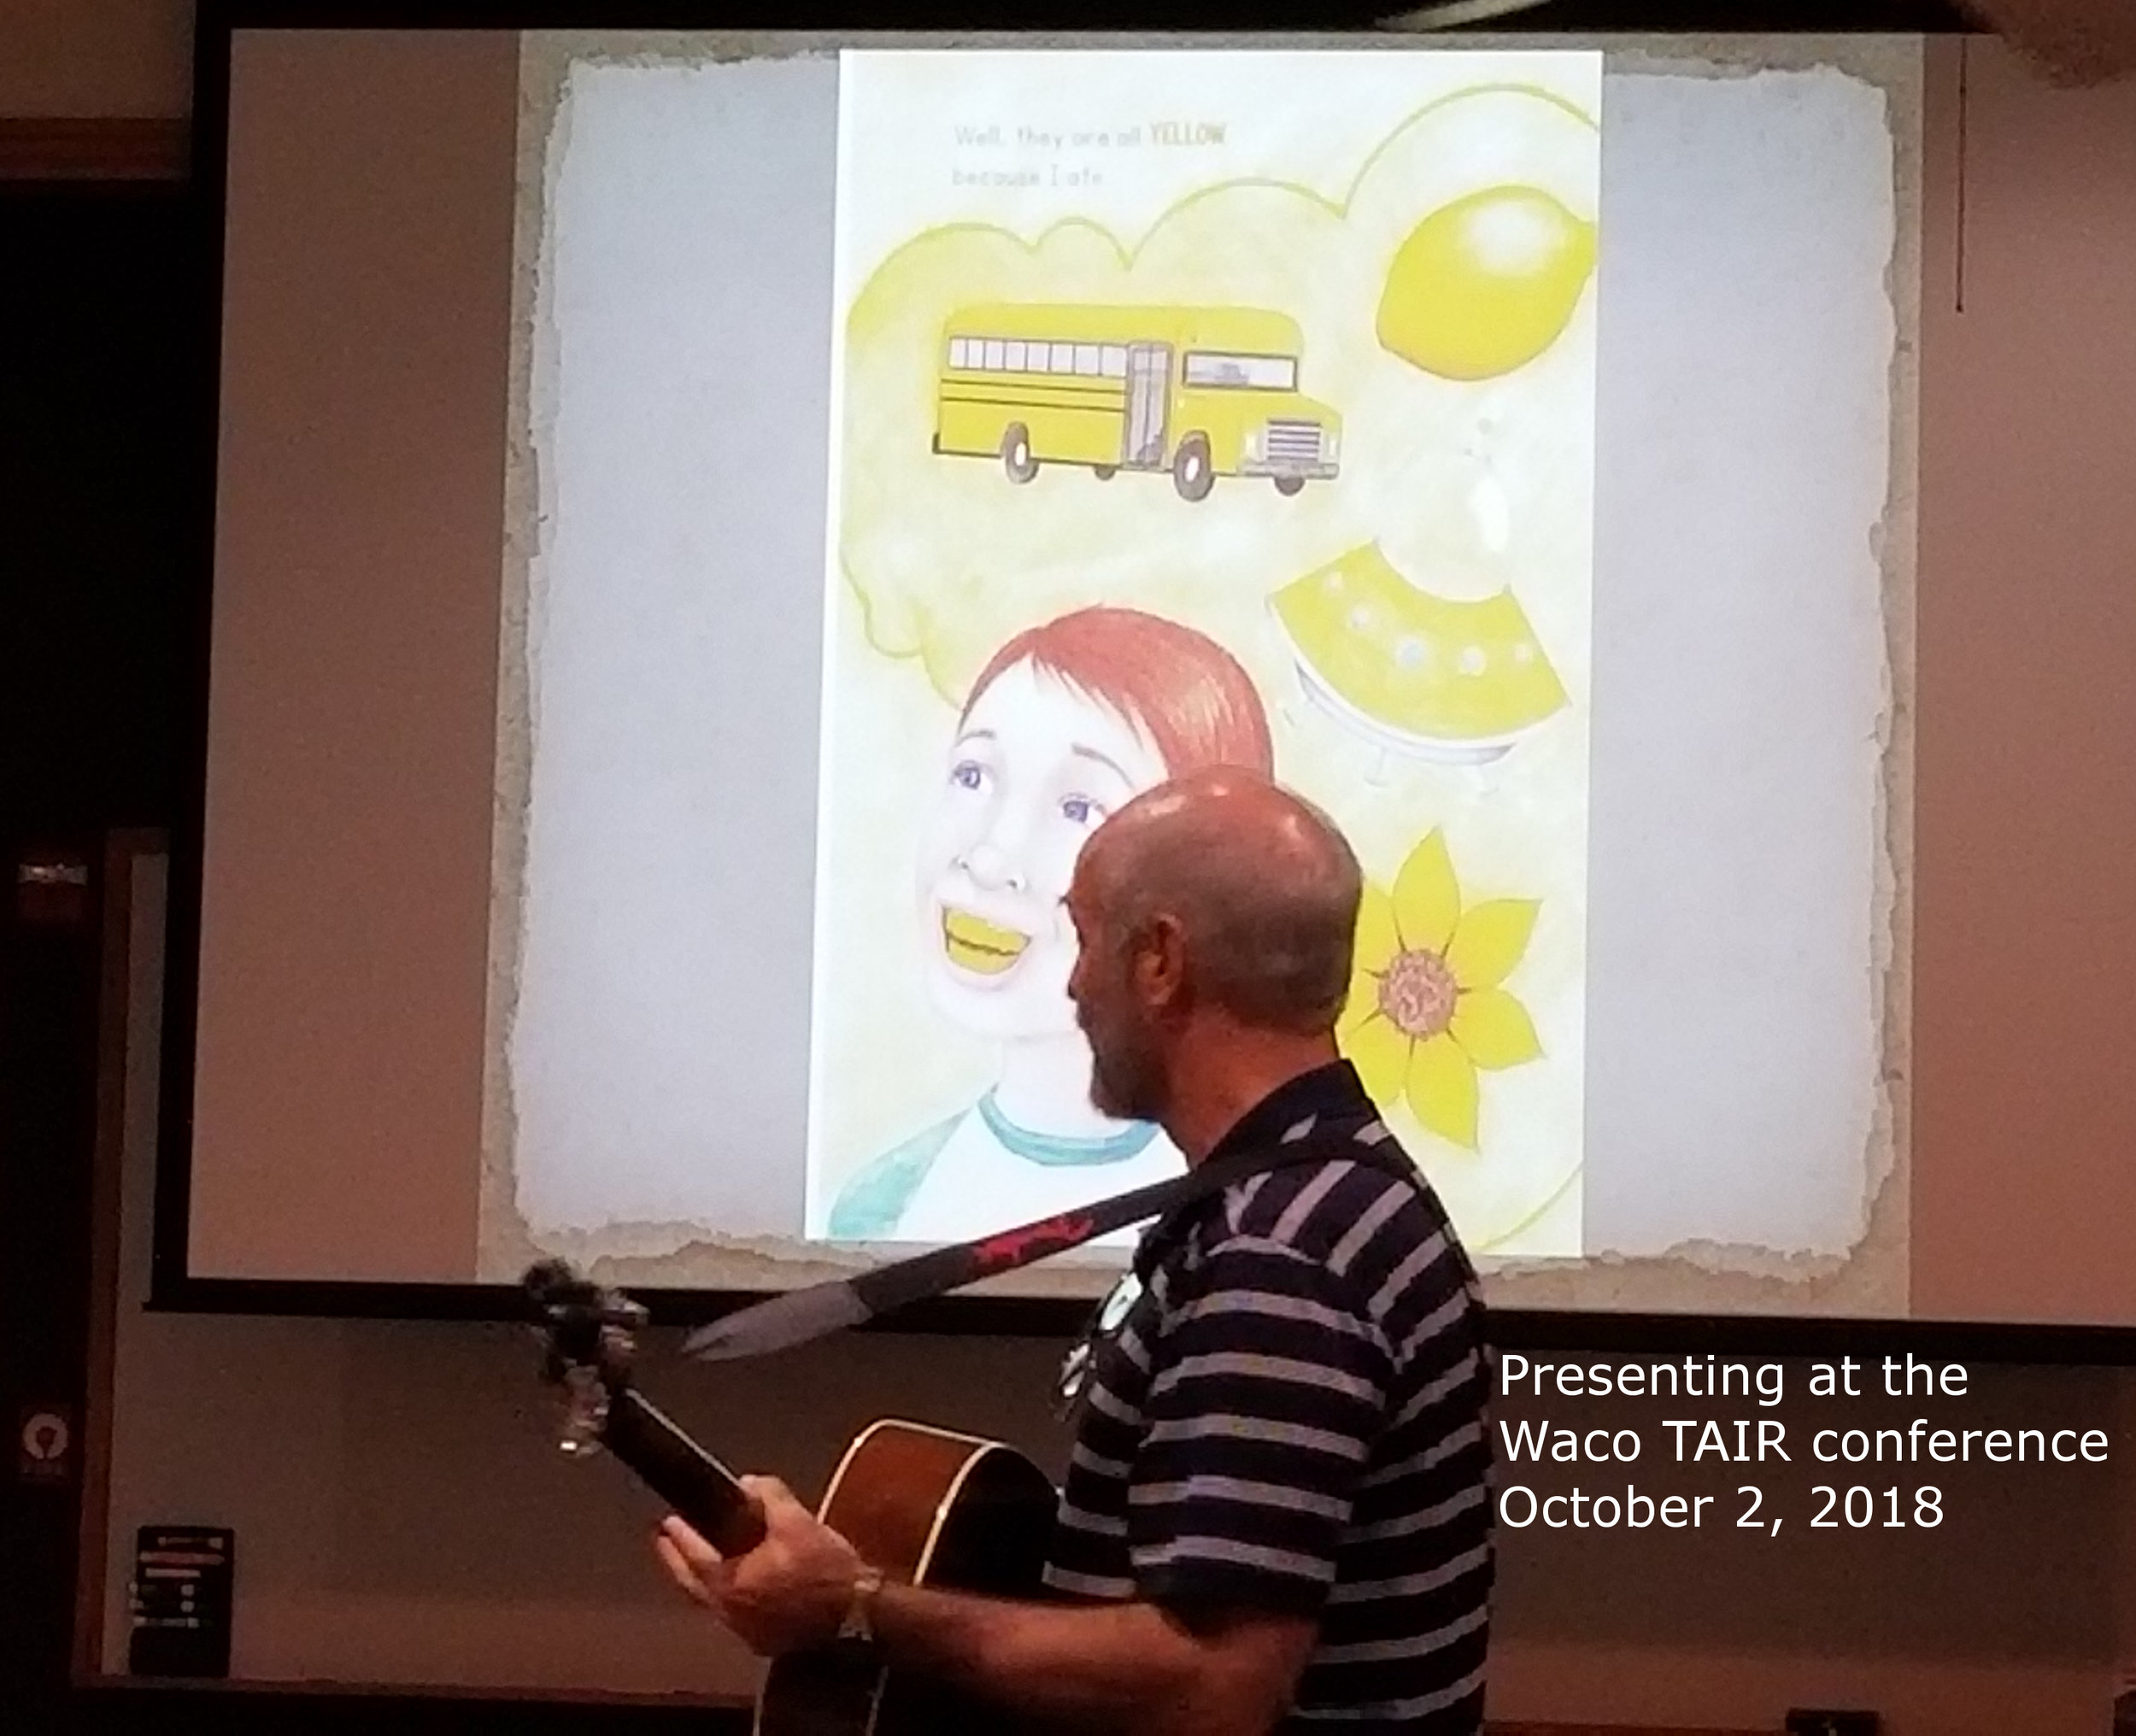 Waco TAIR presenting.jpg
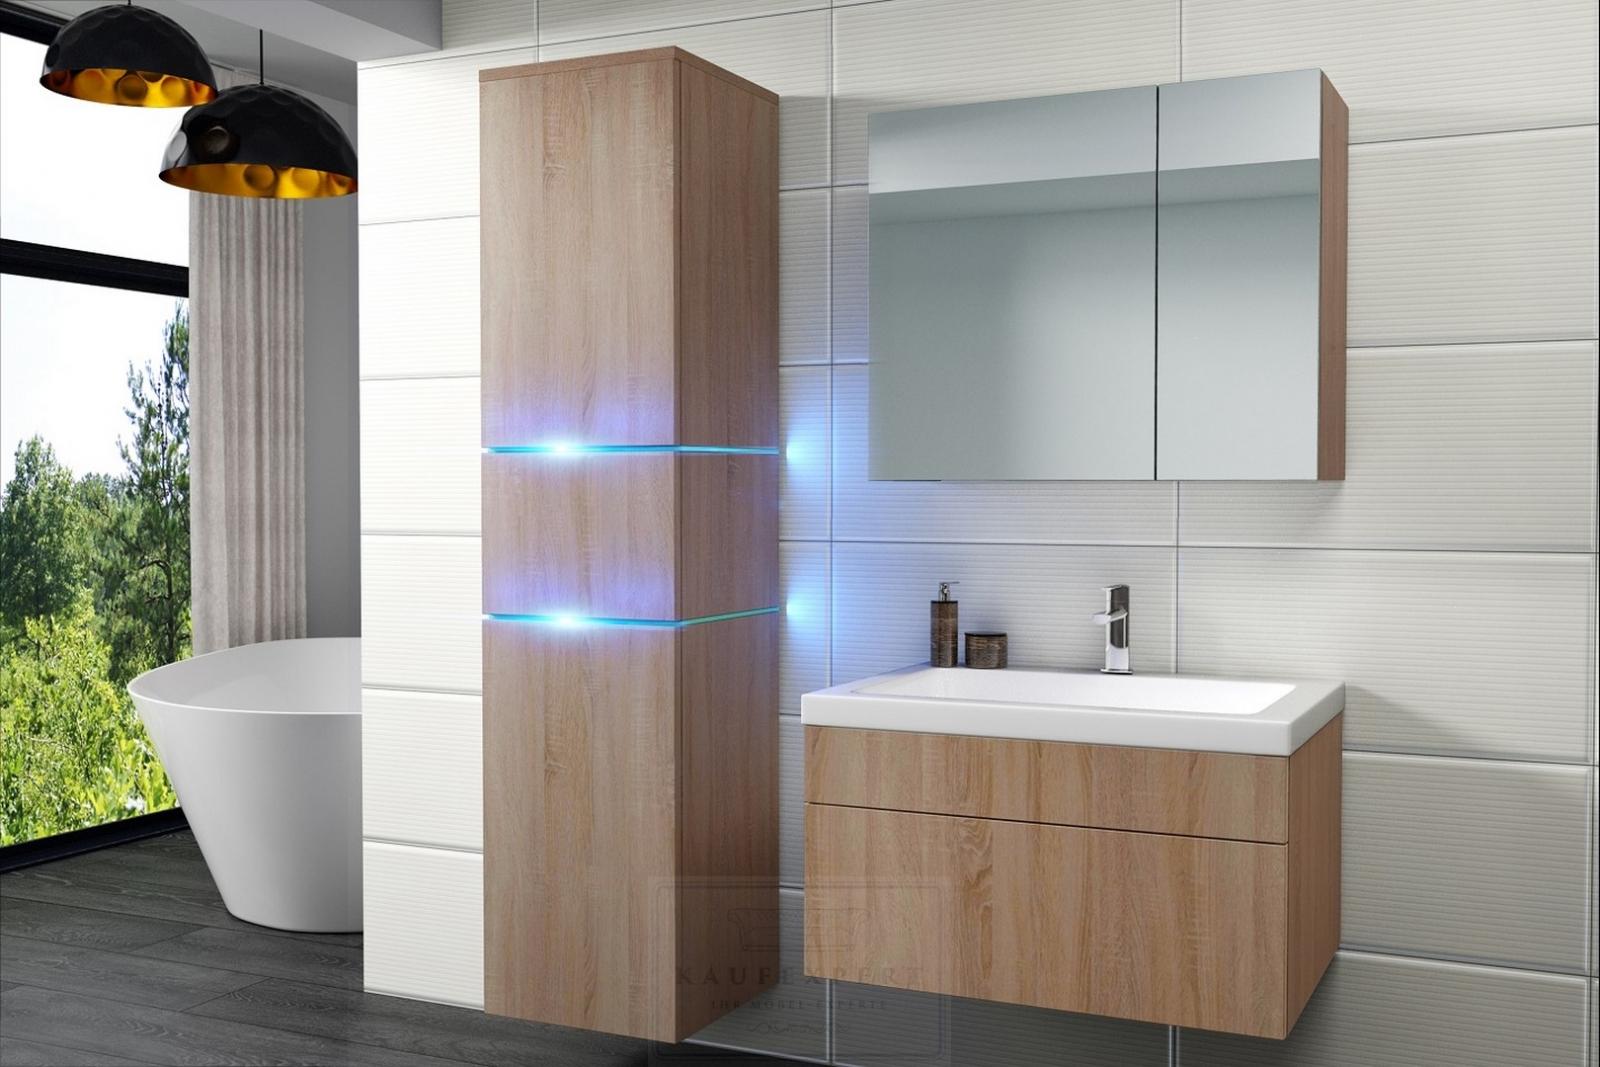 kaufexpert badm bel set ledox 170 cm sonoma eiche keramik waschbecken badezimmer led. Black Bedroom Furniture Sets. Home Design Ideas
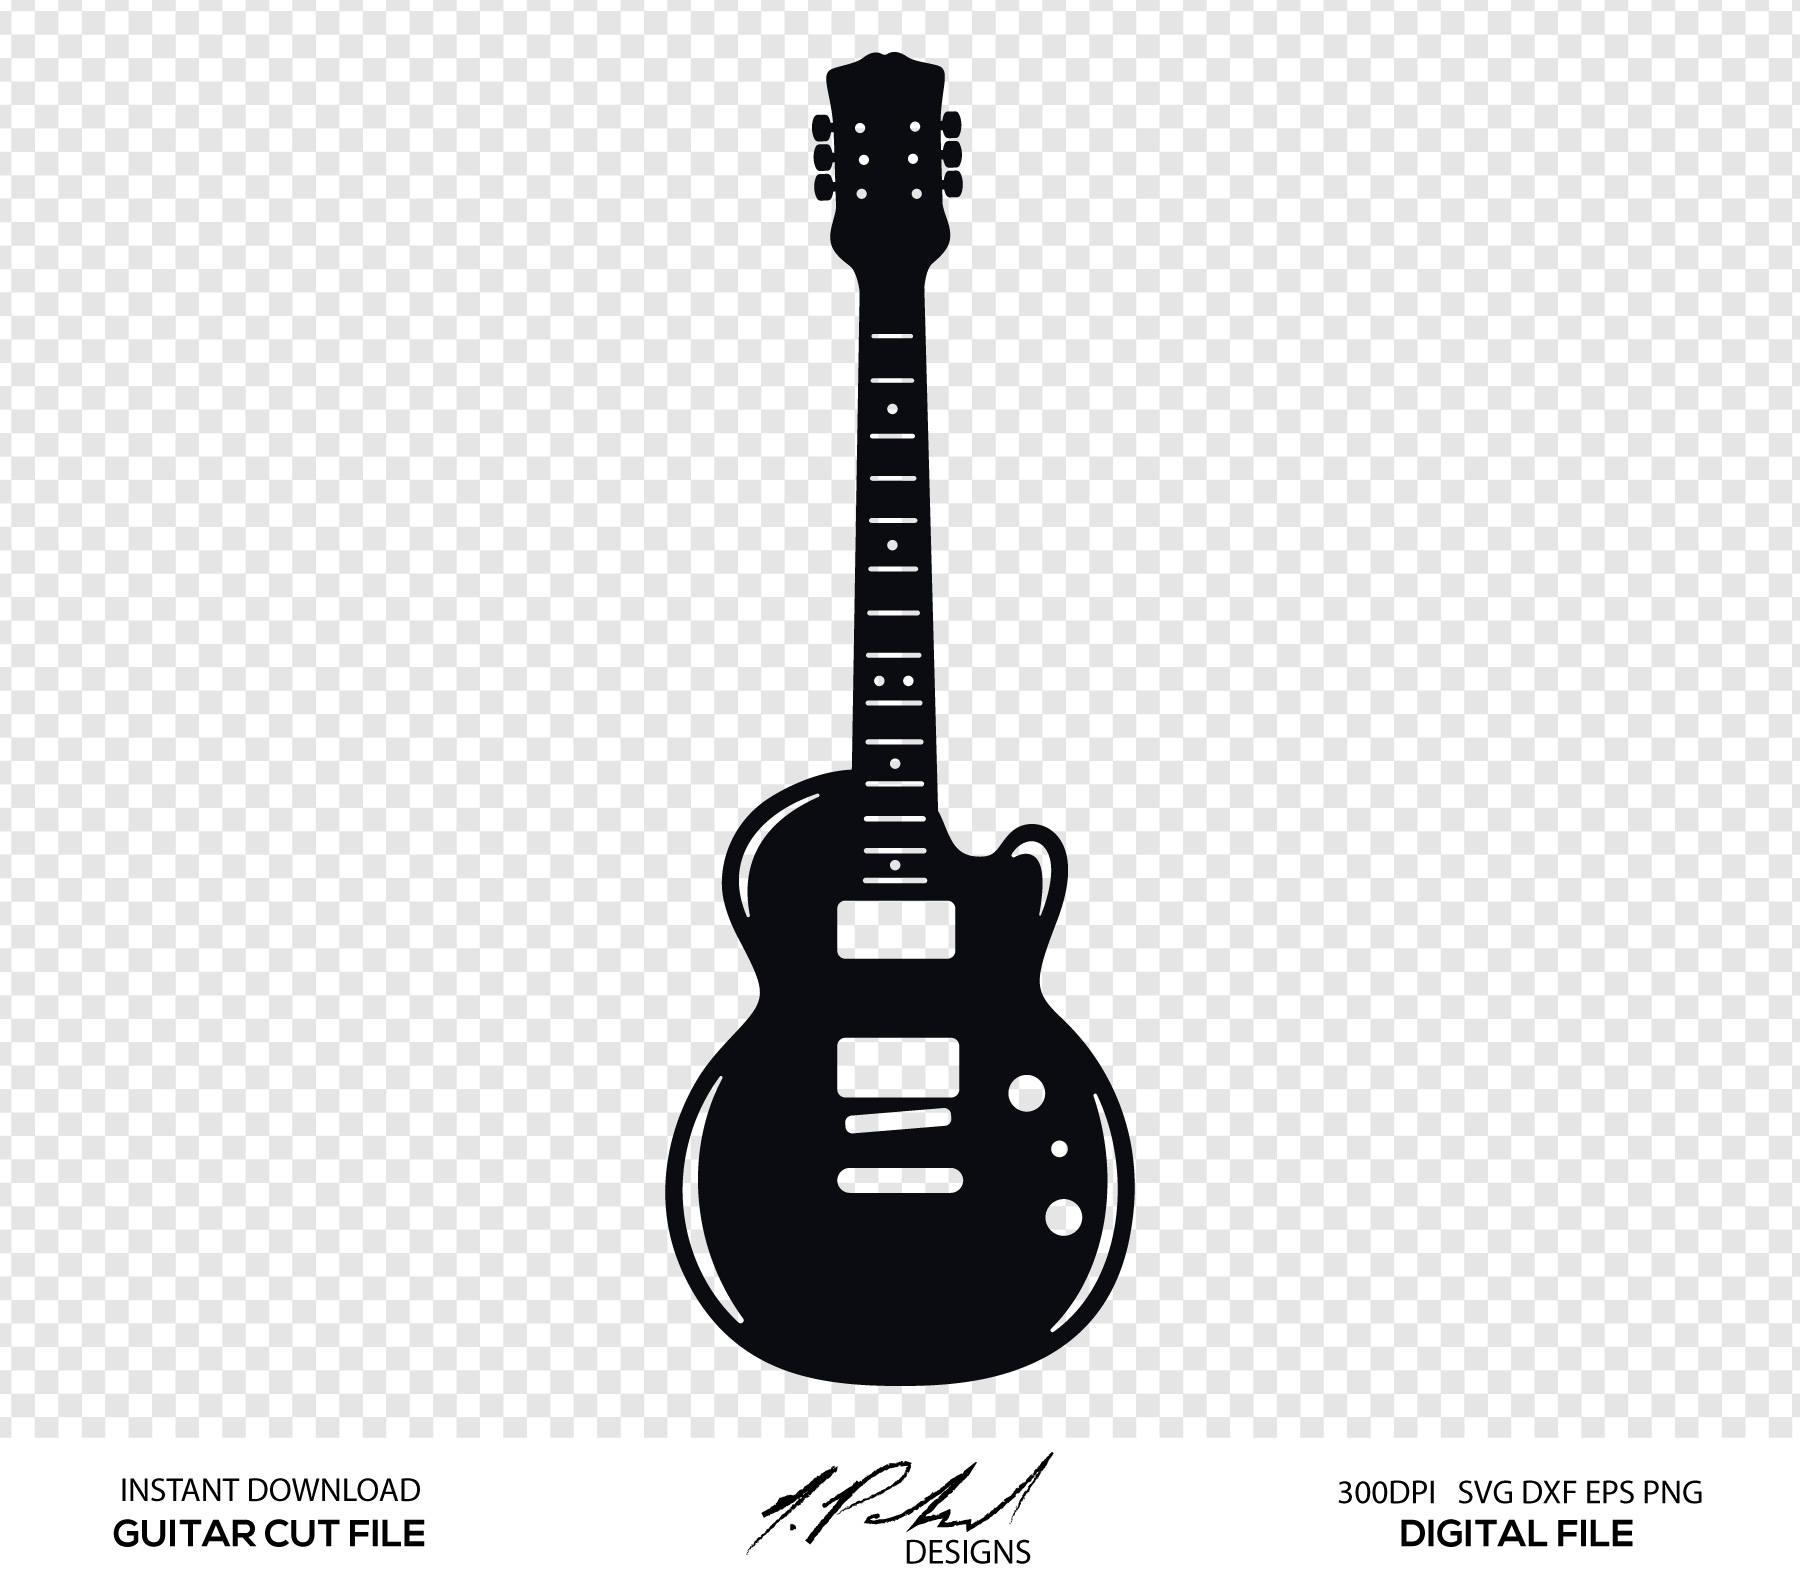 Guitar Cut File.

- INSTRUCTIONS TO FOLLOW
Only the pictures are to be left out; repeat all other material exactly.

- RESPONSE FOR THIS EXERCISE
 Waco TAIR presenting.jpg
 kaufexpert badm bel set ledox 170 cm sonoma eiche keramik waschbecken badezimmer led. Black Bedroom Furniture Sets. Home Design Ideas
 Guitar Cut File.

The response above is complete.